Last June, the Ministry of Education announced the amendment and named the goals to be achieved with it.

In addition to greater practical relevance, the changes are intended to ensure that future teachers can better cope with the challenges posed by digitization and a more heterogeneous student body.

The integration of children who do not speak German and the inclusion of disabled children are among the tasks for which the next generation of teachers should be prepared more intensively.

Another point of the amendment is not mentioned in the press release from July: In the future there should be the option of setting uniform tasks in the first state examination across the country.

Montz and her colleagues from Gießen and Kassel think nothing of it at all.

Together with the GEW and the Jusos they criticize the possible standardization of the teaching material as impractical.

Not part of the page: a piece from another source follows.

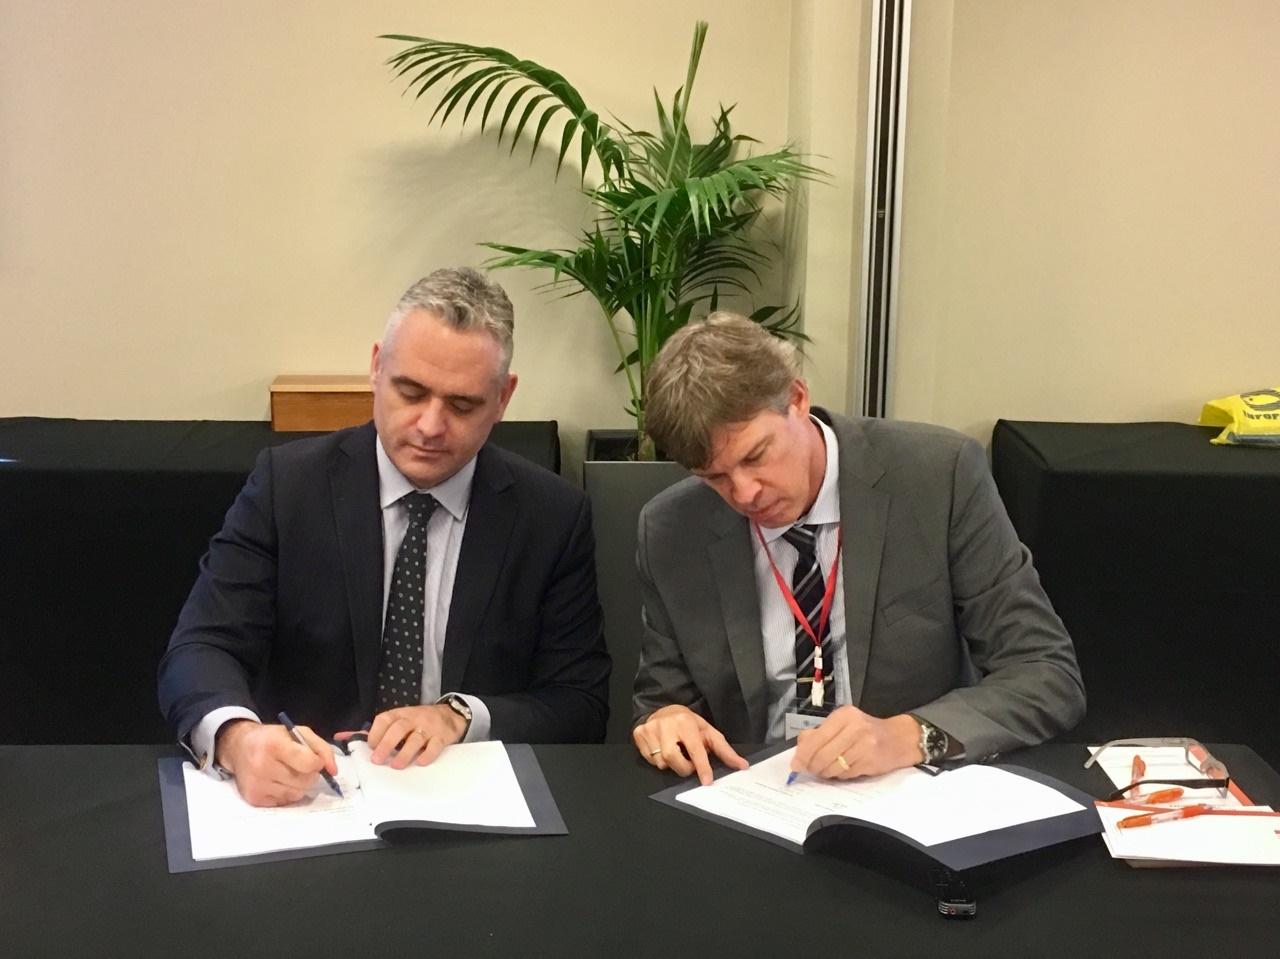 My mate Matt (right) the new FFA DDG starts with a biggie!

Montz finds the Ministry of Education's argument that this makes it easier to switch between different universities unconvincing: she has not yet heard that there have been difficulties in this regard, and no one has complained that state examination grades within Hesse are not comparable.

Kyra Beninga, AStA chairwoman of the Goethe University and GEW representative, goes even further: She sees this regulation as "disproportionately restricting the freedom of teaching".

At a meeting of the state parliament's cultural policy committee last week, Montz got the impression that representatives of the universities had a similar view: They had "clearly spoken out against a centralization of the examination".

Student representative Montz assesses the state's intention to upgrade the primary school teaching post as fundamentally positive, in that one of three subjects will have to be studied with an increased number of hours in the future.

But even that is only justifiable if the standard period of study is increased at the same time - regardless of the time compensation, which from their point of view would be appropriate because of the practical semester.